Wilder has turned a skeptical eye on a variety of other projects that have had strong business backing. He is openly questioning whether the city should live up to its pledge of $27 million for a performing arts center if the center's board is unable to come up with the private funding it has said it could raise. He is in an open spat with the Richmond Braves minor-league baseball team, which wants a new stadium in the historic Shockoe Bottom neighborhood. And much to the chagrin of many of the prominent businessmen who funded his strong mayor referendum, he has pulled city funding for Richmond Renaissance and for the Greater Richmond Partnership, a regional development organization that has, so far, been more successful at bringing businesses to outlying counties than to Richmond itself. "With every negotiation that takes place...for the remainder of my term," he said in April, "we are not going to have these types of open-ended, loose- ended commitments for the city with nothing coming back."

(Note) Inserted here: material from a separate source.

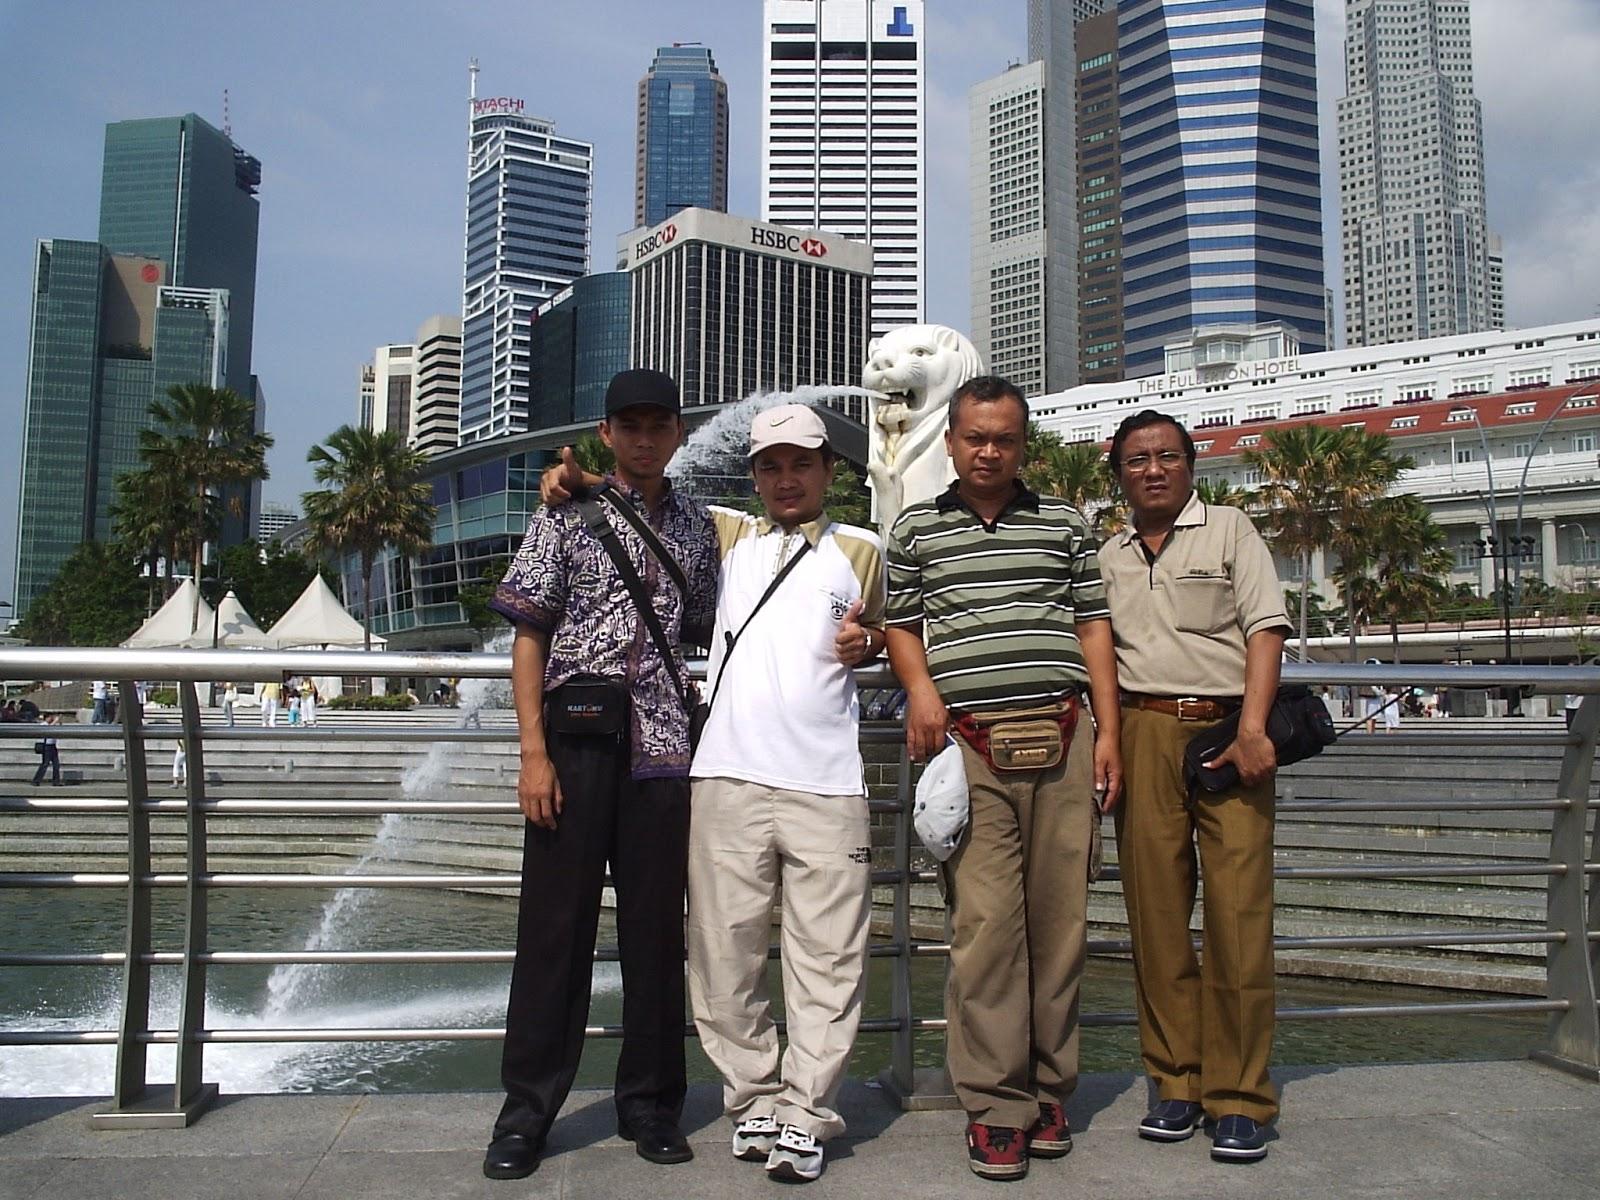 Jalan Jalan Ke Malaysia Ala Backpacker - Itb2c.store • on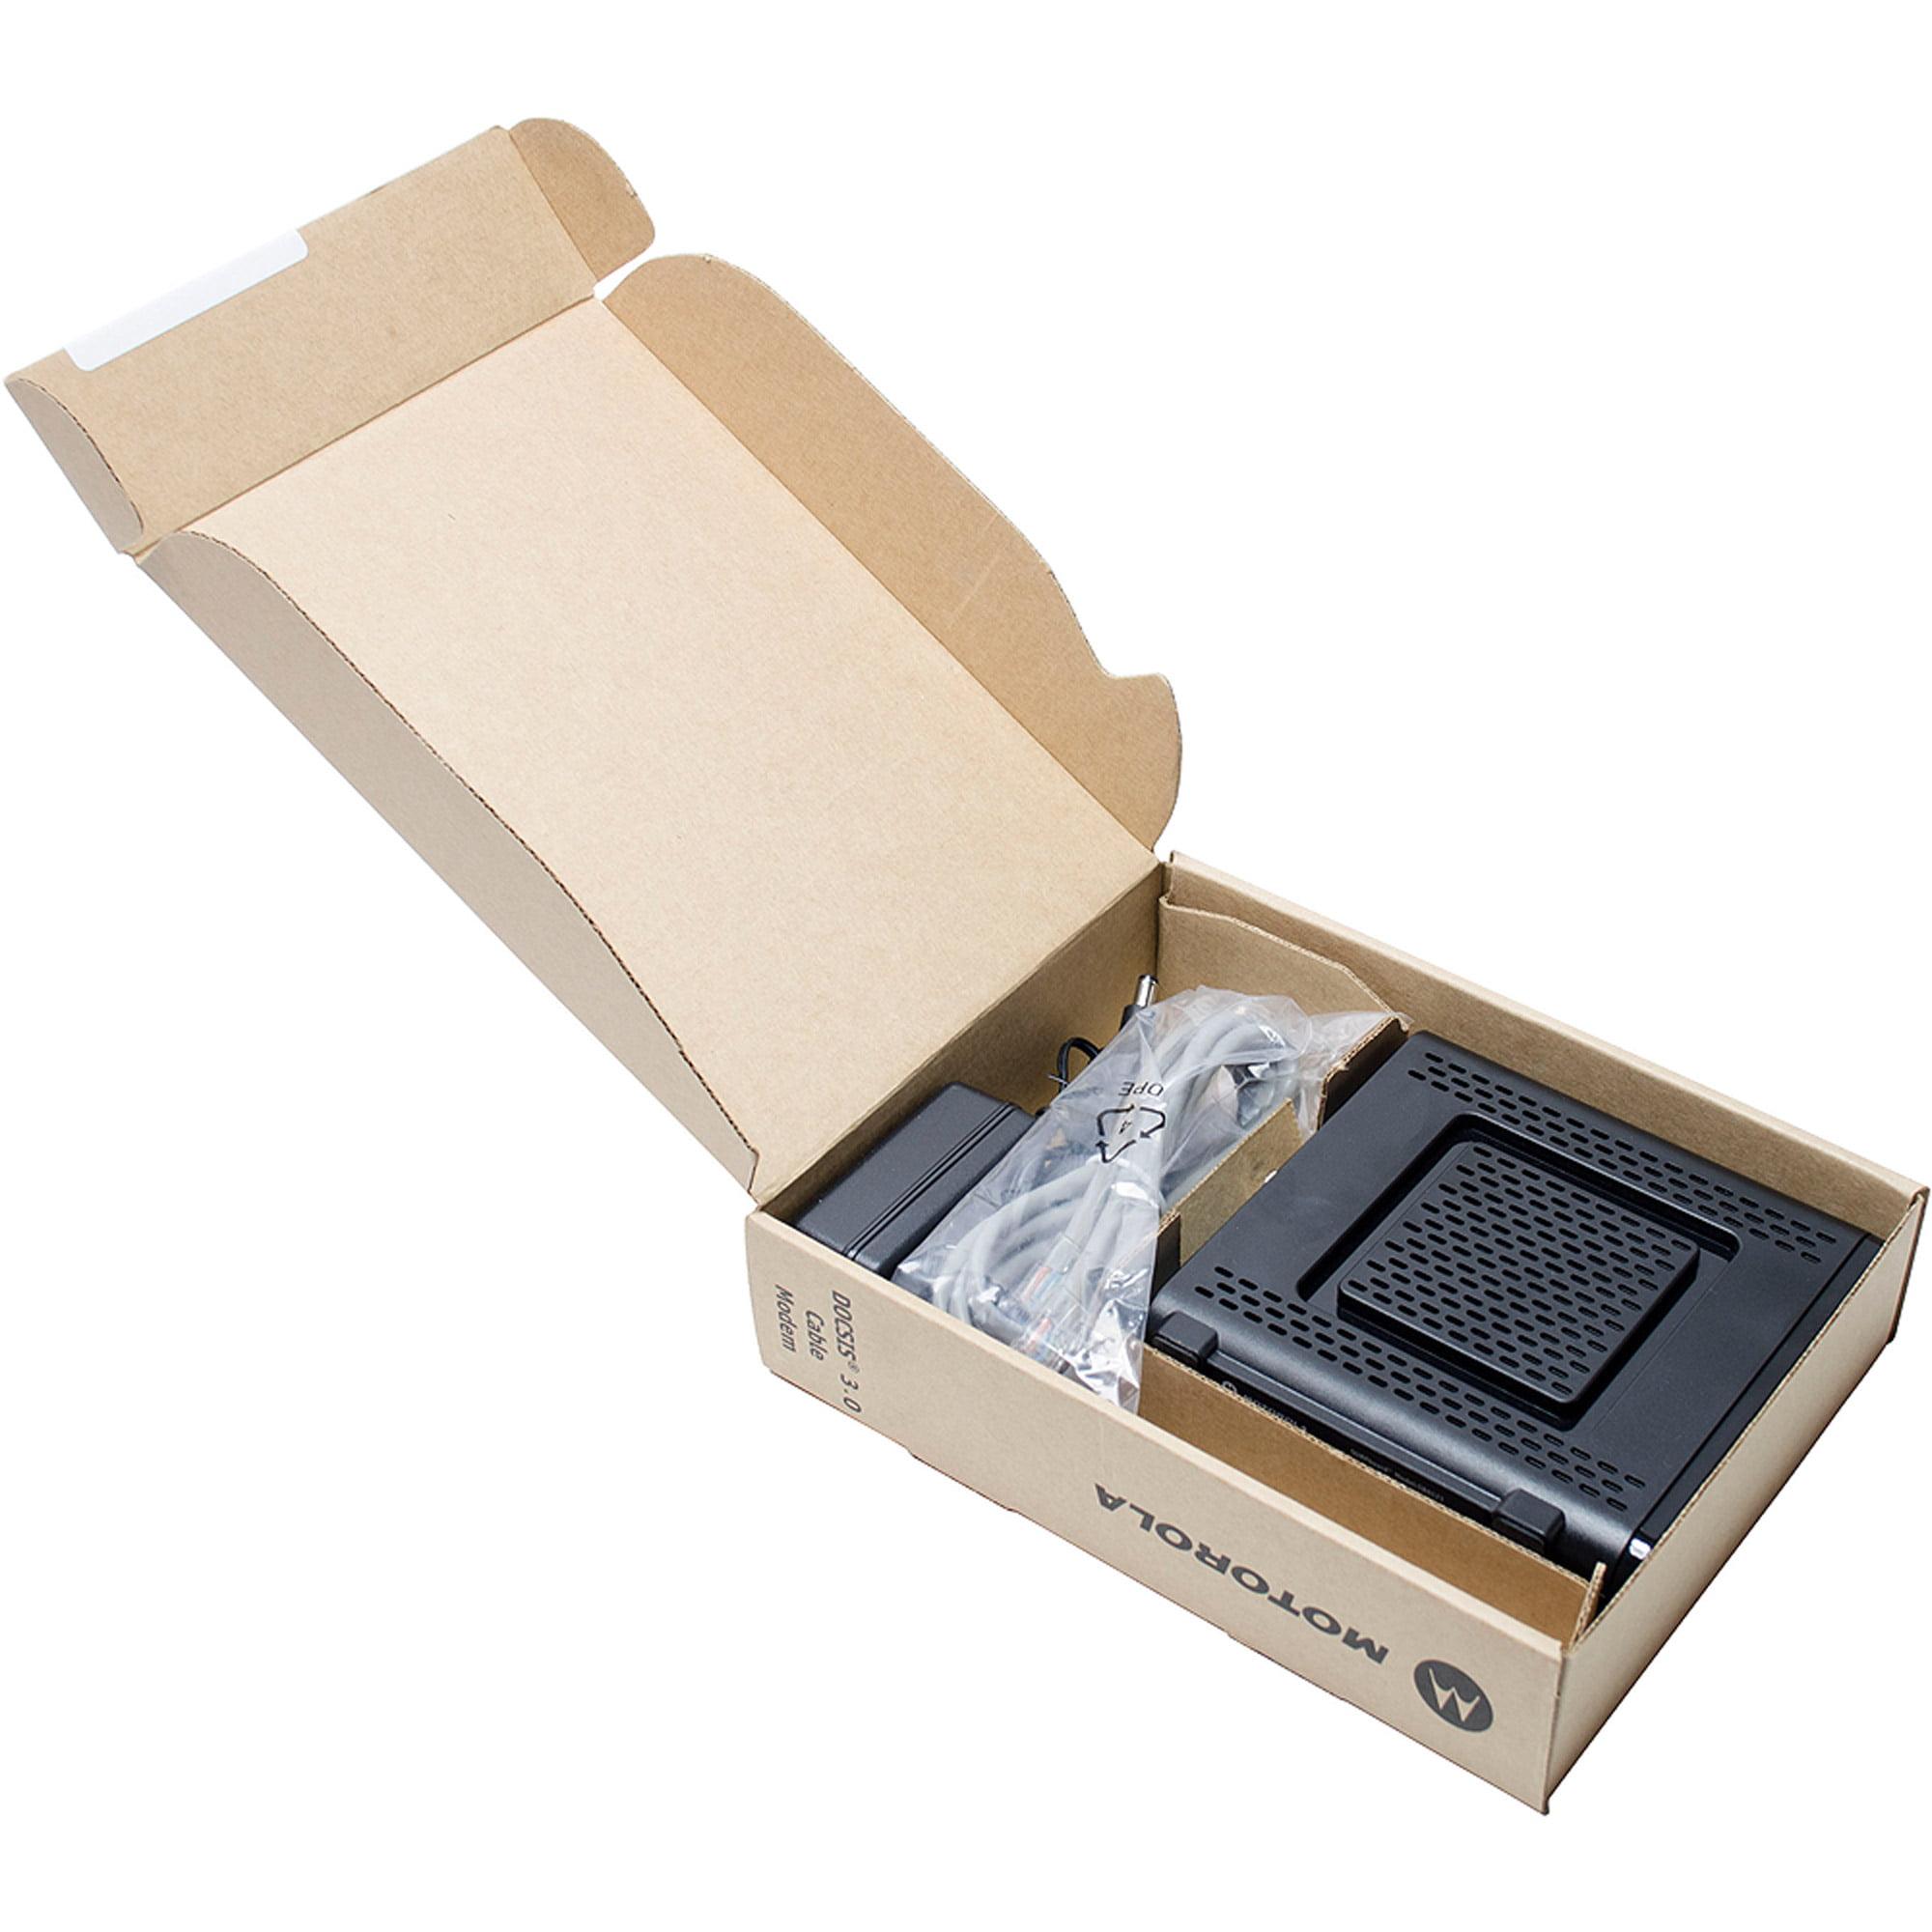 Refurbished Arris Surfboard Sb6121 Docsis 30 Cable Modem 100mbps Internet Connection Using A Motorola

This is not to say that Wilder's goal is to put distance between himself and business leaders--just that he wants the city to be a lot more careful. Indeed, just before he said that, he announced a deal with tobacco giant Philip Morris for a $300 million research and development facility downtown that will involve a donation of city land and a 10-year rollback on taxes.

On balance, Wilder still enjoys the support of the city's corporate elite. While opposing cuts in the regional economic partnership, the Chamber's Jim Dunn sympathizes with Wilder's overall goal. "The mayor absolutely has to look at every nickel the city is spending," he says. "It takes resources to change the things that need to be changed."

That is, in fact, the whole point of Wilder's first budget, a 2-inch- thick document that landed with a decided "thud" the first week in April. It not only slights favorites within the business community, it cuts nonprofits that have long depended on the city for support. Instead, it gives funding priority to police, schools, street repairs and parks--basics of city government that Wilder argues went neglected for too long.

While conflict is inevitable as Wilder forges ahead, he is sanguine about the future--in particular, the future after he leaves office. Even though he has the better part of four years to go in his first term--and hasn't hinted one way or another whether he intends to seek a second--many are nervous about what will happen to the strong mayoralty when someone else is filling it. Wilder tells them that by then, city hall will be more responsive, more efficient and more accountable, and a less commanding figure will still be able to run things. "I tell people not to worry about what happens when I leave," he says. "Because if we're successful in creating the machinery that we want, the public won't allow it to become anything else. They'll say, 'Wait a minute, we know you can do this!' They'll know that government can be what they thought it ought to be."